UMAP
Created: 2022-04-21 16:33
#note
UMAP (Uniform Manifold Approximation and Projection for Dimension Reduction) is much faster and more scalable than t-SNE, while also preserving the global structure of the data much better. This makes it useful for both visualization and as a preprocessing dimensionality reduction step to use before clustering.
It is based on three assumptions:
- The data is uniformly distributed on Riemannian manifold;
- The Riemannian metric is locally constant (or can be approximated as such);
- The manifold is locally connected.
From these assumptions it is possible to model the manifold with a fuzzy topological structure. The embedding is found by searching for a low dimensional projection of the data that has the closest possible equivalent fuzzy topological structure.

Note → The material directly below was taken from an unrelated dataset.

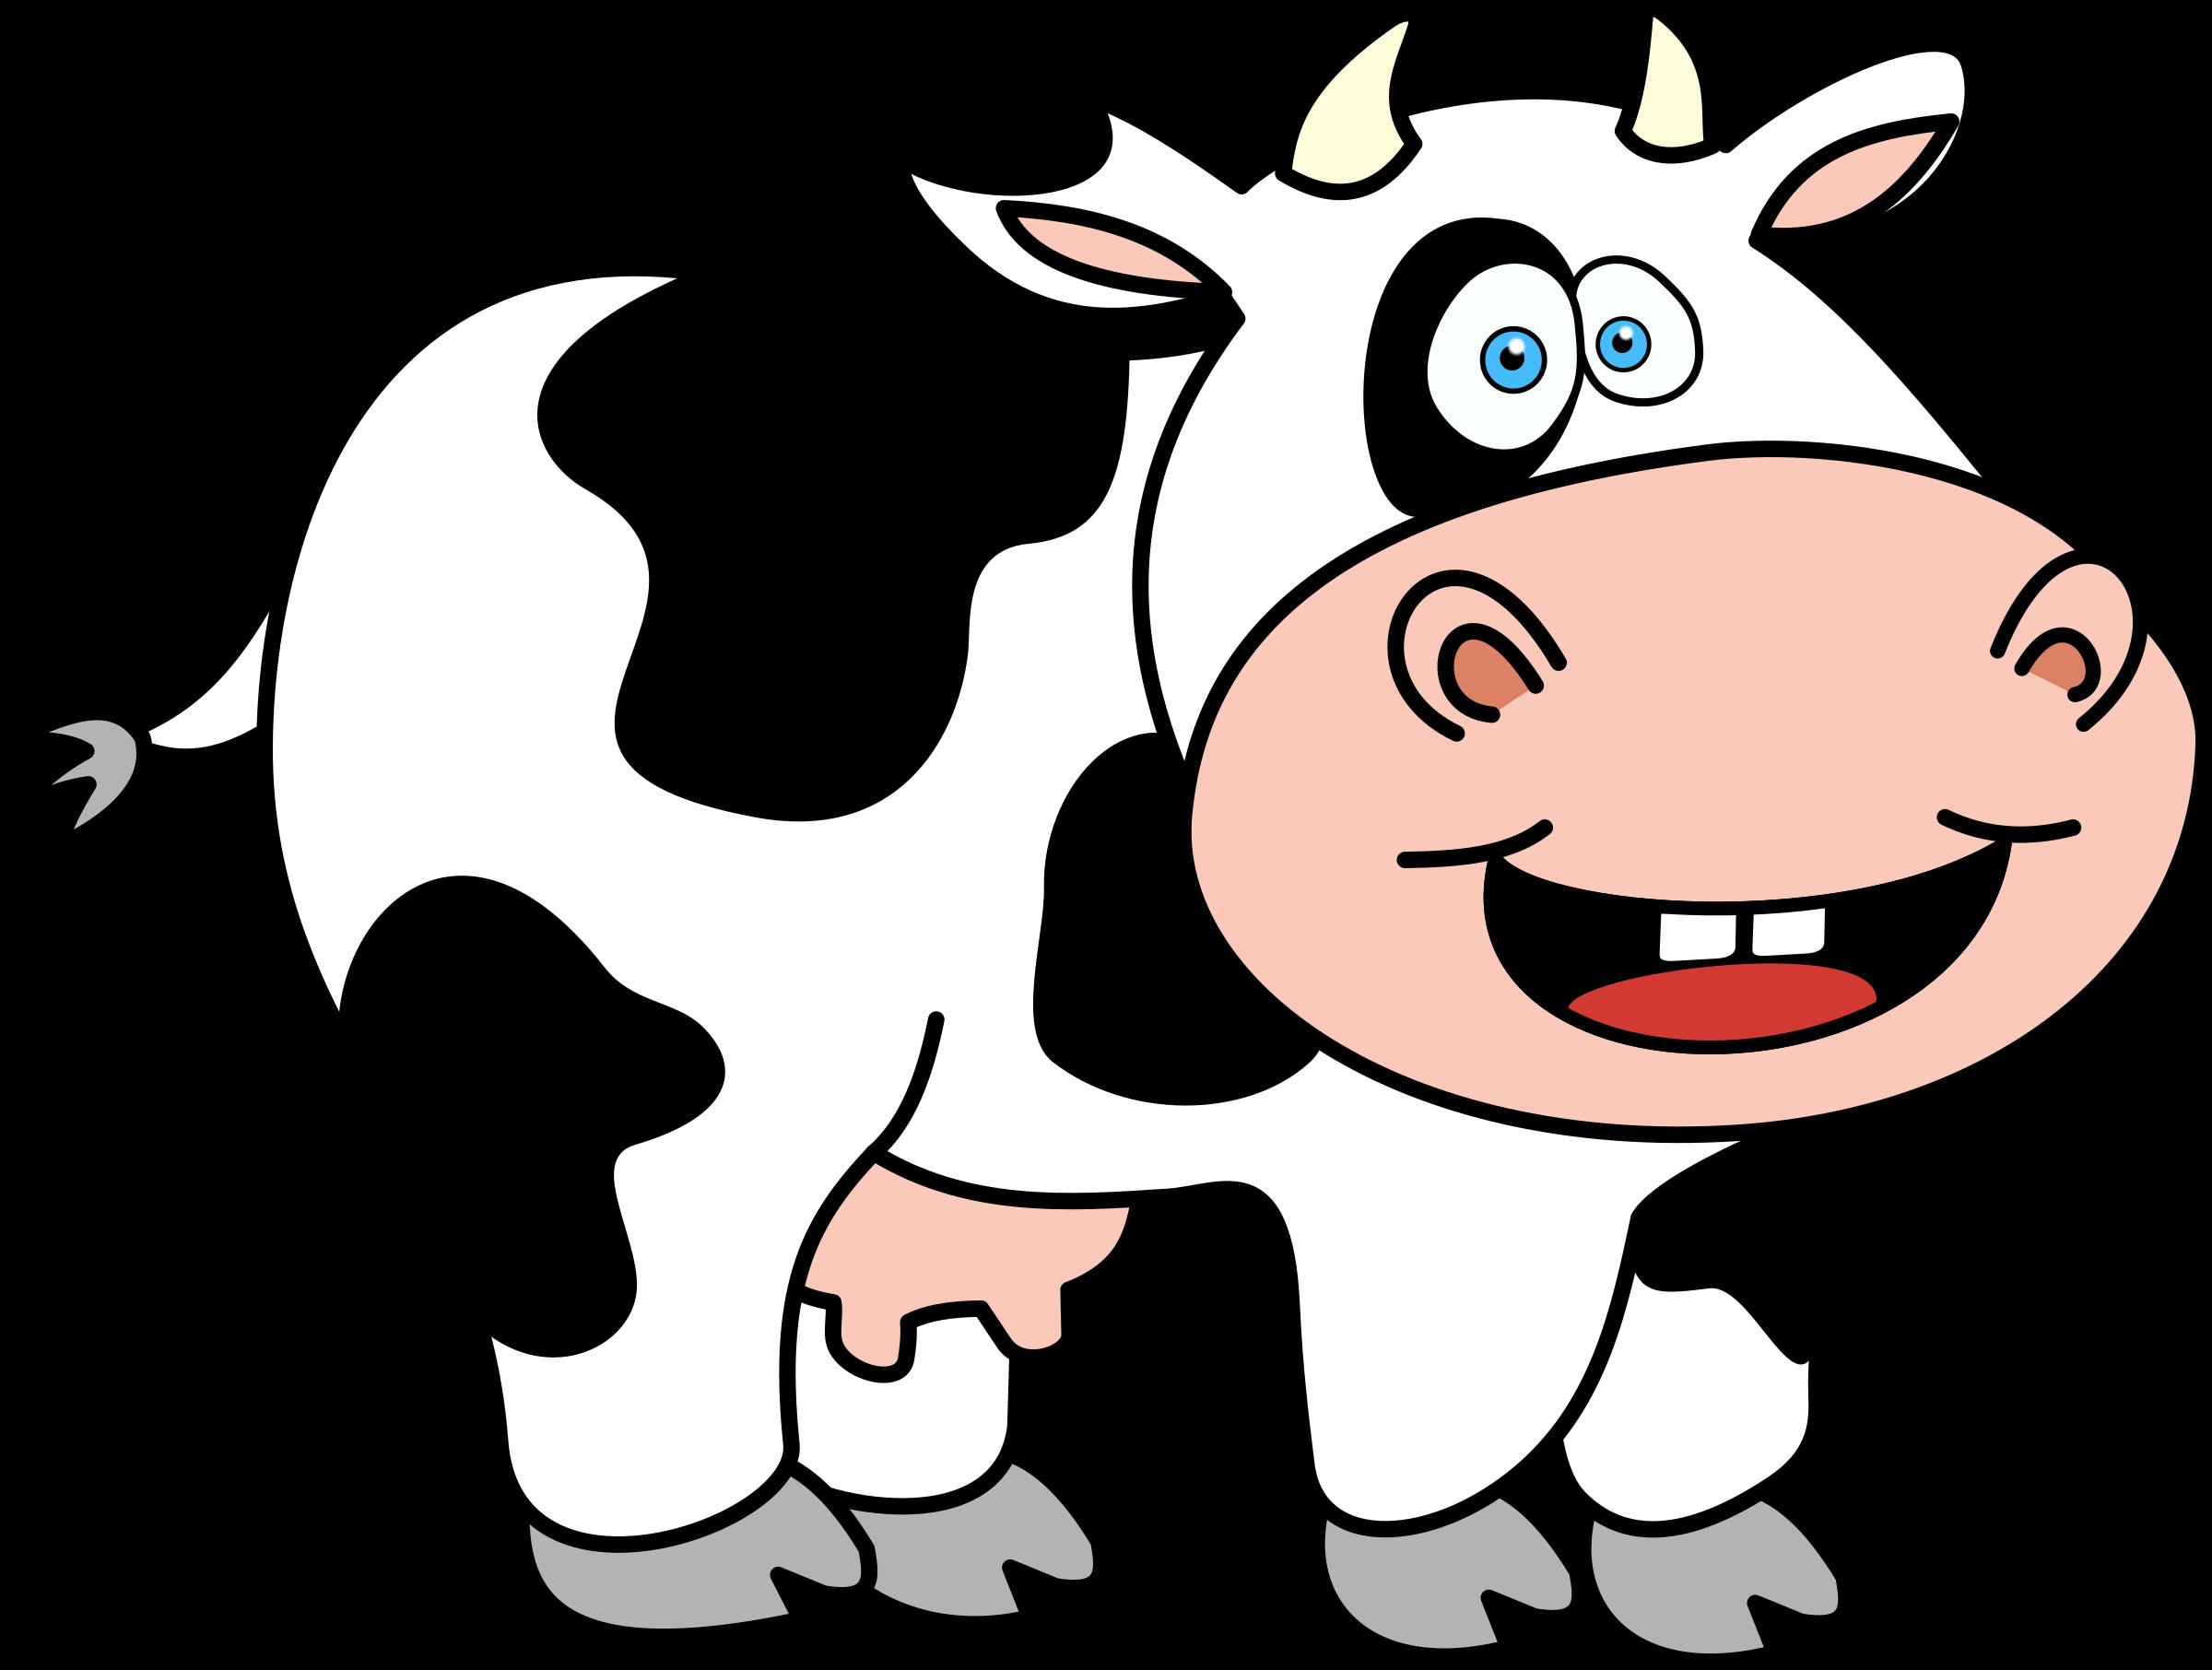 Open clipart cartoon cow #7

It is considered to be better than tSNE because it can scale much better for increasing sample size, it is faster and it preserves global data structure (and other reasons as explained here).
There are points of concern about using UMAP with density-based clustering methods as HDBSCAN because UMAP, like t-SNE, does not completely preserve density. That means that we can't be sure that the clusters we obtain are "real" and not just artifats of t-SNE. A discussion on t-SNE's shortcomings this is available here. Anyway UMAP is much better than t-SNE to preserve the data's structure and can be used as preprocessing step for clustering as shown here.